» YOUR GOAL: Leaving the pictures aside, return all of the data below exactly.
═════ DATA PROVIDED ═════
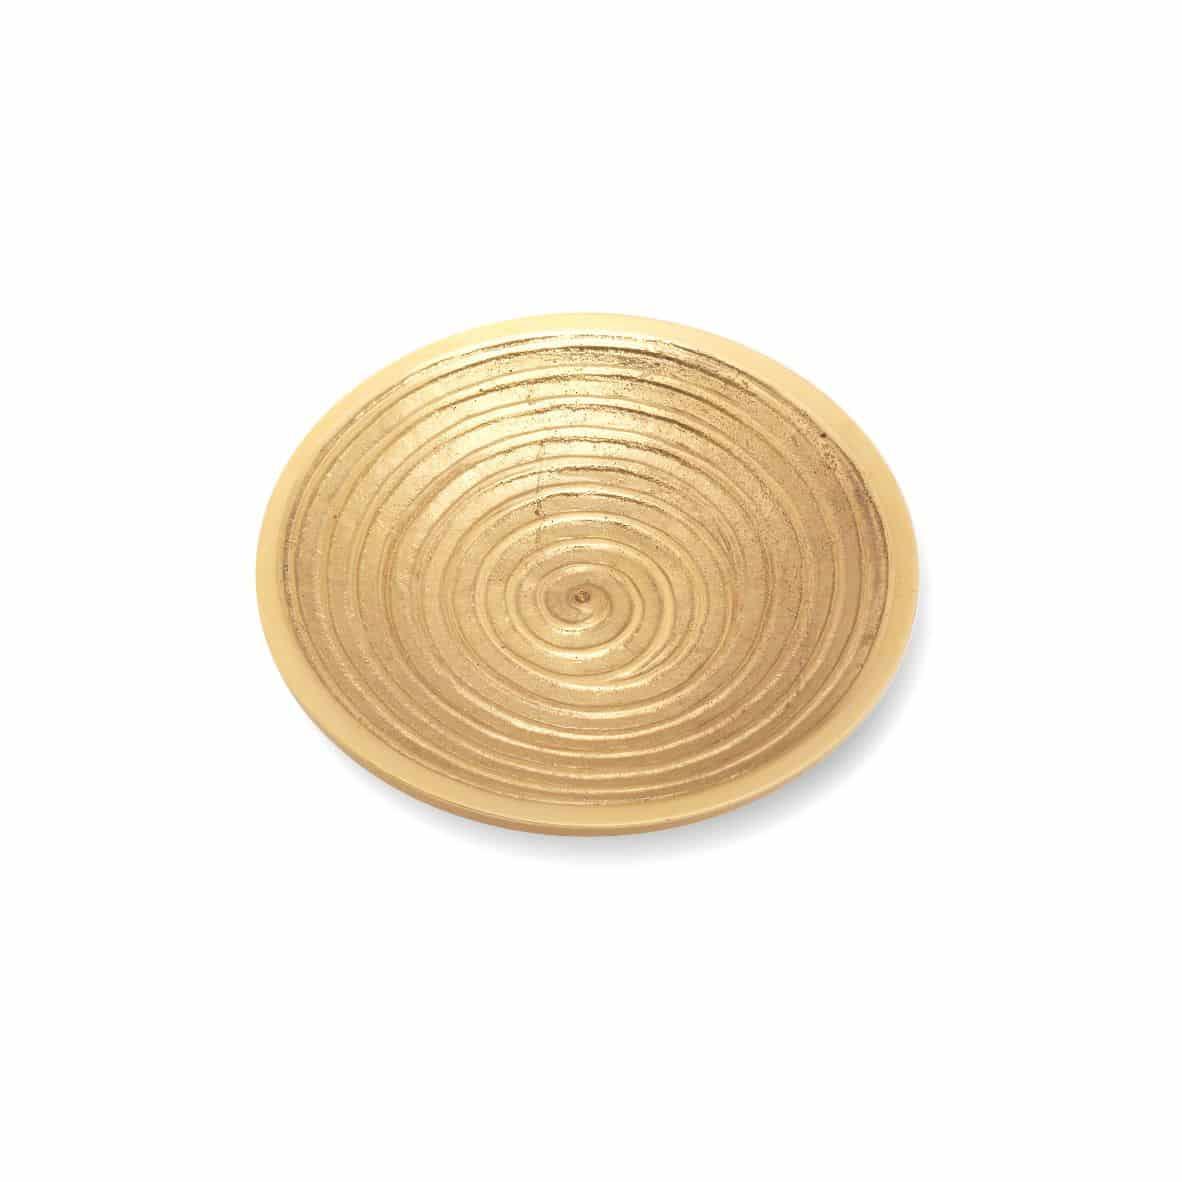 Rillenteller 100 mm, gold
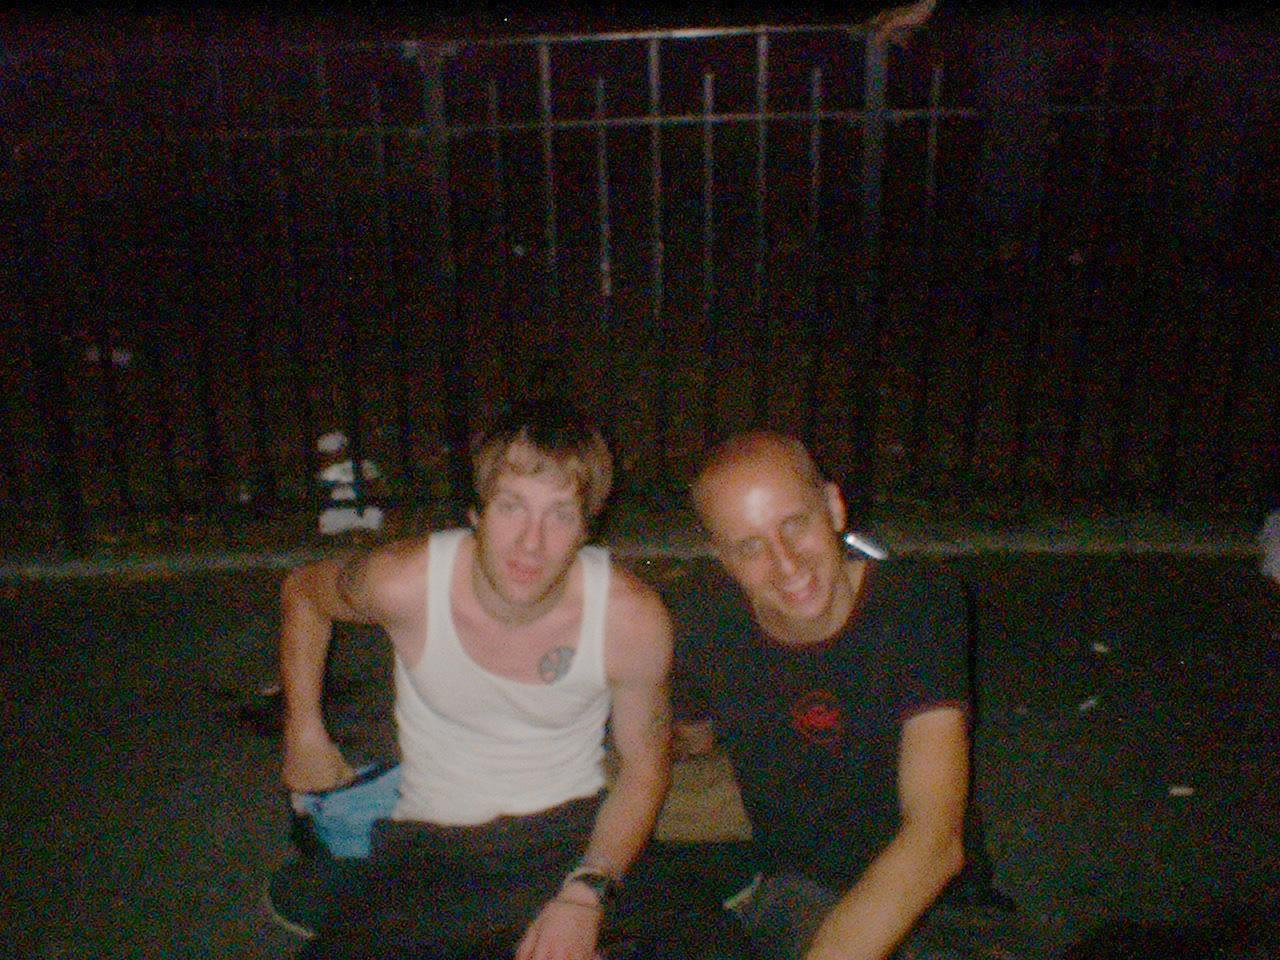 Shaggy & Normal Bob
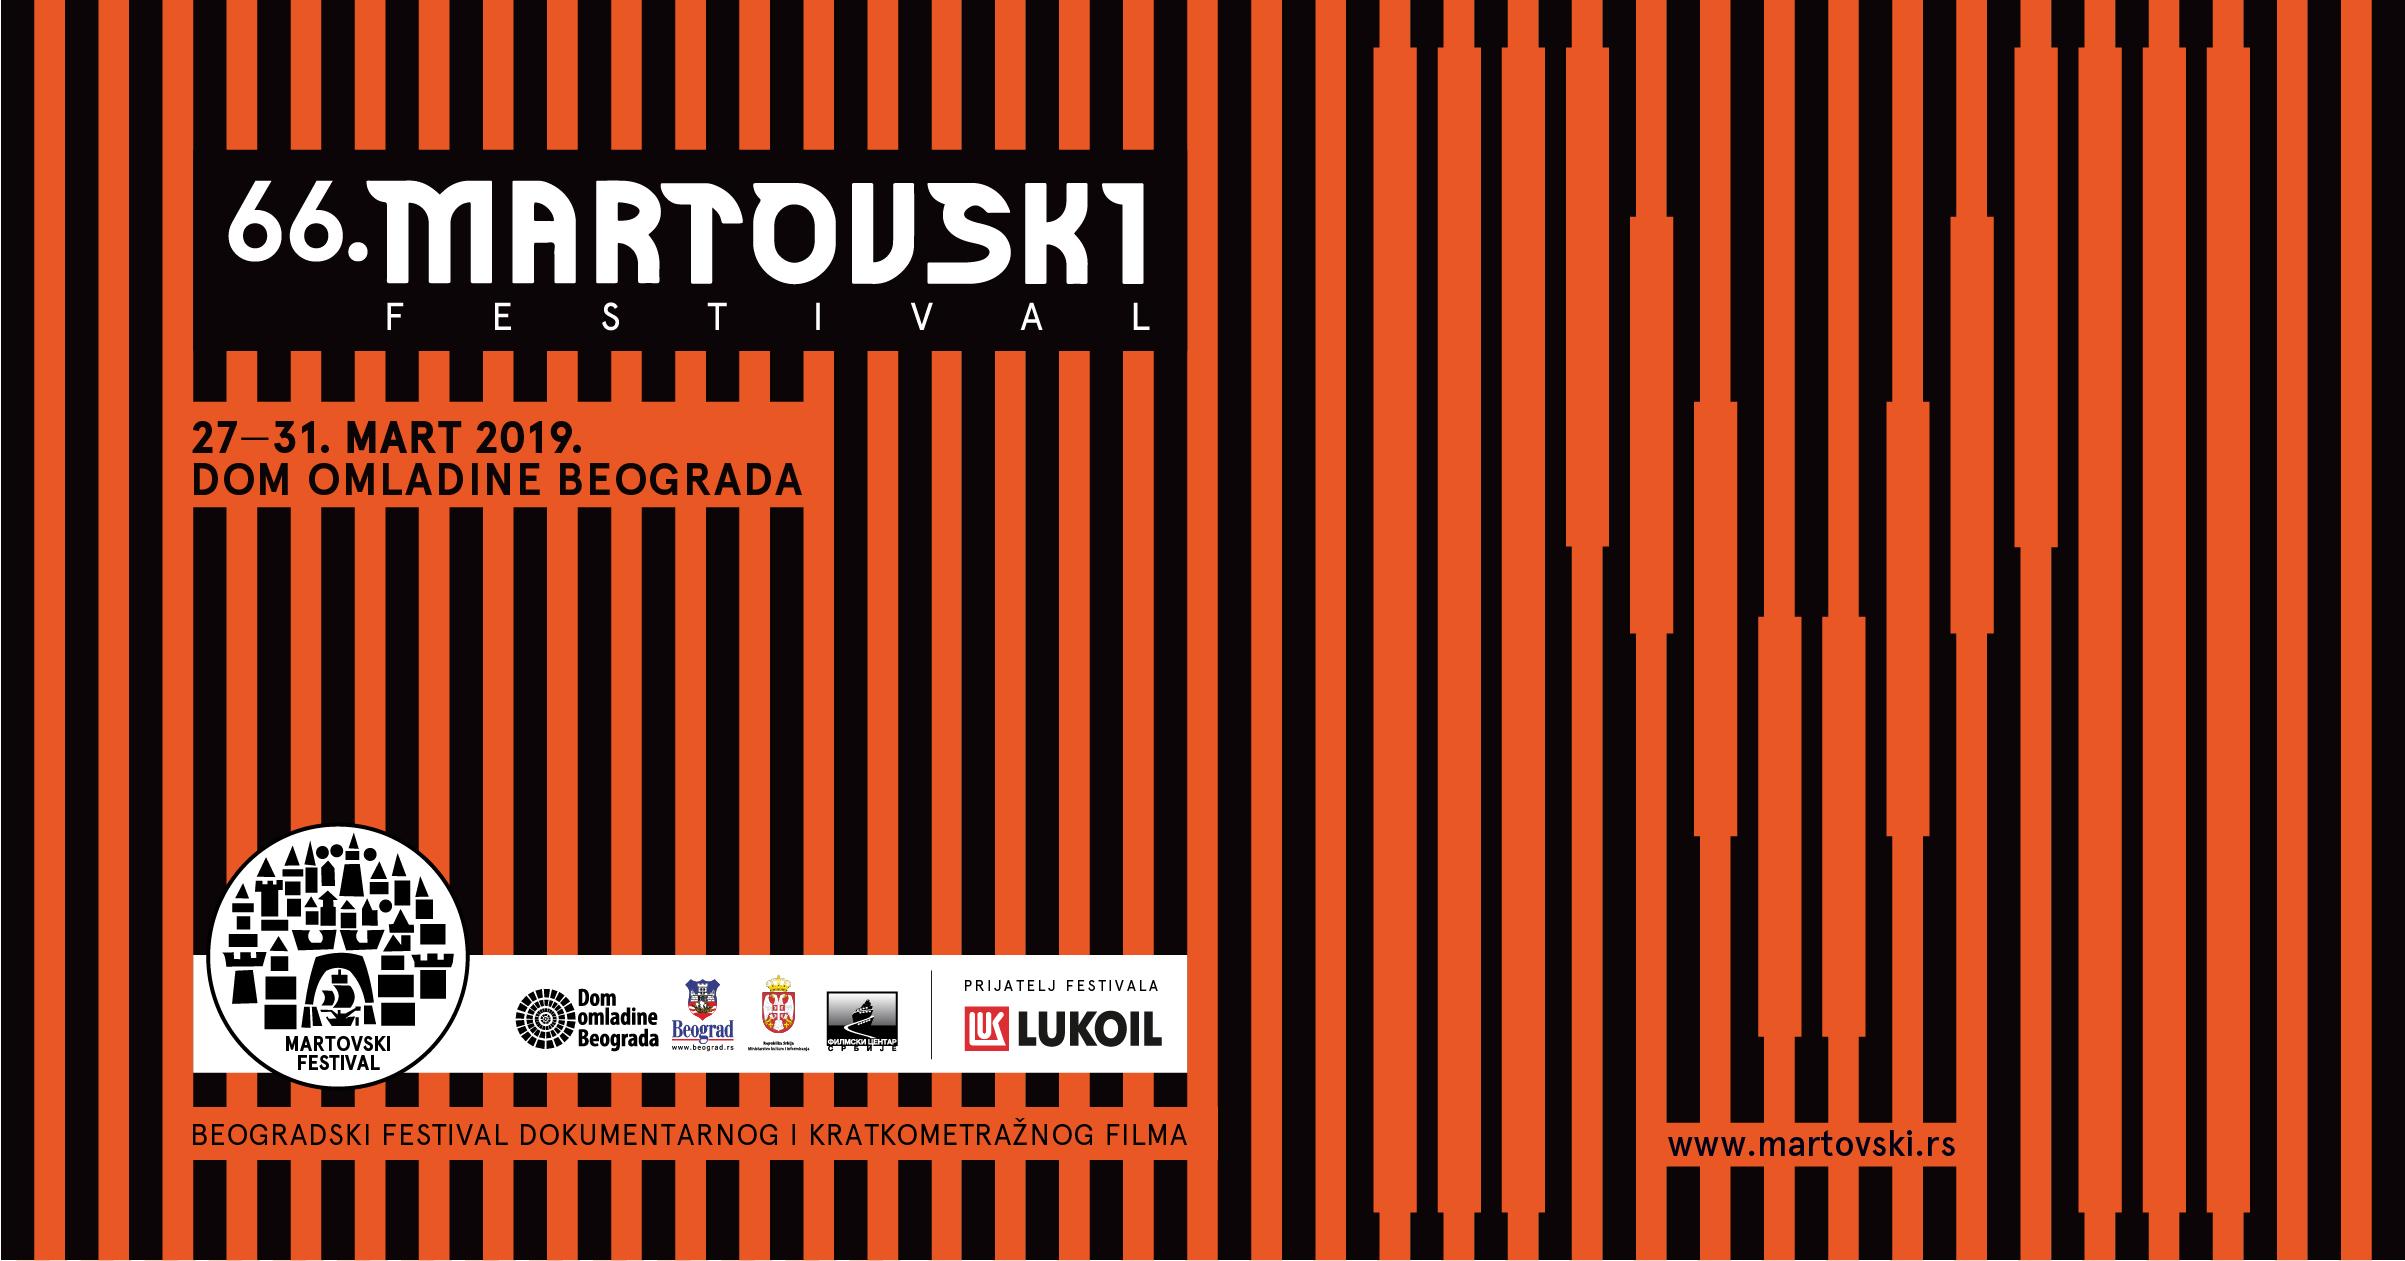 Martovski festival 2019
═════
» RESULT FOR THIS TASK:
 Rillenteller 100 mm, gold
 Shaggy & Normal Bob
 Martovski festival 2019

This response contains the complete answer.